Başkanın yerel değil de evrensel bir figür olmasının ne denli değerli olduğunu en az üçüncü kez bizzat yaşayarak test etmiş bir camiayız…
*
Aralık 2015…
Timsah Arena, Cumhurbaşkanı Recep Tayyip Erdoğan tarafından açılıyor… Başlama vuruşunu bizzat o yapıyor.
Yanında, yöresinde onlarca insan.
Olması gereken yok ama…
Bursaspor Kulübü’nün ‘1’ numarasını stada bile sokmuyordu korumalar, rica minnet protokol tribününe girebildi.
*
Levent Kızıl…
Zor zamanda, giydiği ateşten gömleği bile bu kadar mı iyi taşır bir insan!
Meteliğe kurşun atacak haldeydik ama kurşun almaya bile paramız yoktu.
Birbirinden ünlü ulusal/global firmaların sponsorluğunu kulübe taşıdı.
Yerel değildi…
İngiltere kraliçesi ile karşılıklı kadeh kaldıran biri nasıl yerel kalabilirdi ki!
Şahane bir kadro kurup, en doğru teknik adamı getirdi ve Bursa’yı da kucaklayan o sempatik dev adam, bizi düştüğümüz çukurdan ‘zınk’ diye çekti, çıkardı…
*
İbrahim Yazıcı…
2010’daki şampiyonluğun diplomalı mimarı!
Milletin en derin uykuda bile görmeyi beceremediği şampiyonluk rüyasını gerçeğe dönüştürdü.
Kıt kaynakların ustaca kullanımı konusundaki başarısı, akademilerde ders niteliğinde araştırılmalı, okutulmalı.
O sene yaptıkları, altyapıyı süper lige kadar taşıdığı süreçte başardıklarını gölgede bıraksa da, o iş bence şapkadan çıkardığı en büyük tavşandır…
Yerelden ulusala uzanan çok geniş bir hinterlanda sahipti.
*
Ve şimdi Enes Çelik…
Bursa’nın evliyaları Arap şeyhlerinden birine görünse de bizi bu borç batağından kurtarsa diye mucize beklerken, koca bir camiayı bir yıl dolmadan; magmadan stratosfere doğru uçurdu, zihinsel bir devrim gerçekleştirdi.
Profesyonelliğin en alt seviyesindeki bu şampiyonluk, onun hayal perdesinin güpüründeki dikiş bile değil…
O kadar çok söylenmemiş söz var ki onun için, bugün konumuz bu değil diye erteliyorum şimdilik.

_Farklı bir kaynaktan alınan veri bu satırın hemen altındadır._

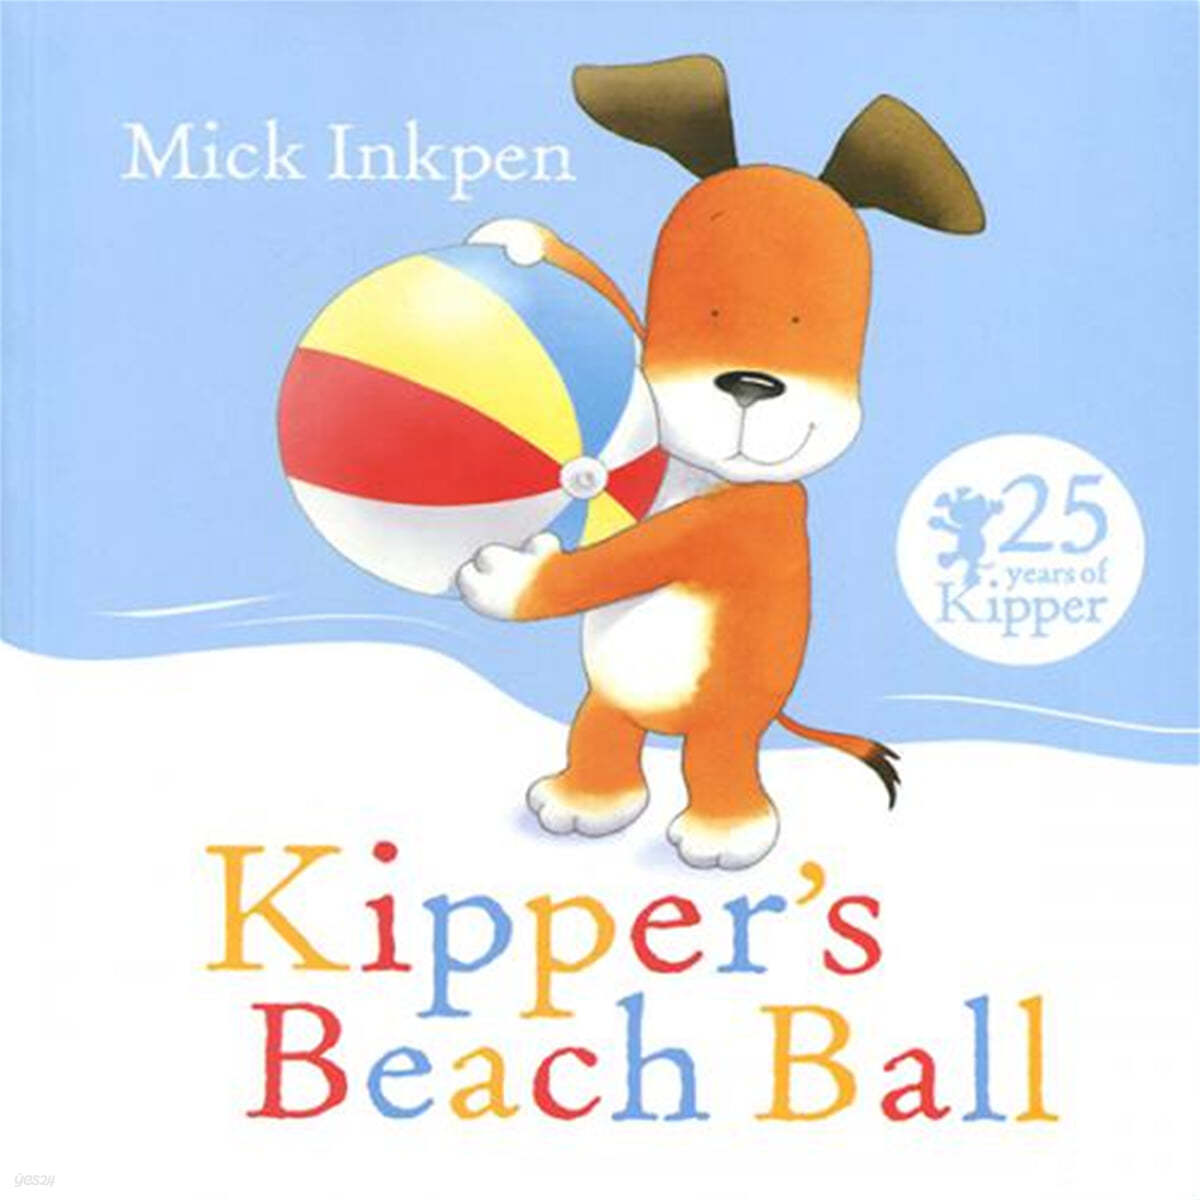 Kippers beach ball

Soyadının yanına kendi özgül ağırlığını koyunca kilitli bütün kapıları birer birer açan bir gönül çilingirine dönüşüverdi.
Bu kulübü tekrar Avrupa’ya götüreceğine söz vermiş olsa da, sabırsızlığı malum, bir kaç sene daha beklemektense Avrupa’yı, hatta dünyayı Bursa’ya getireyim deyiverdi…
Nasıl yaptı bunu?
Mahmut Orhan’la…
O ne geceydi yarabbi!
Şimdi düşünüyorum da;
Süper lige çıktığımızda böyle bir gece yapılırsa, sahnede kim olabilir ki?
Sanata ve sanatçıya saygım büyük.
Biz maksimum Ebru Gündeş’le coşmuşken, o da playback;
Yeni sezon formasını da havuz başında bir kaç güzel kıza giydirmek suretiyle tanıtım yaparken, şimdi formayla Mahmut Orhan’ın sırtında tanışmak ne büyük bir ayrıcalık.
Yeri gelmişken, söylemesem olmaz…
Formaları beğenmeyenler olmuş.
Be arkadaş…
Duyan da Gucci’den giyindiğinizi zanneder.
Hadi diyelim haklısınız;
O formanın içindekinin hiç mi hatrı yok.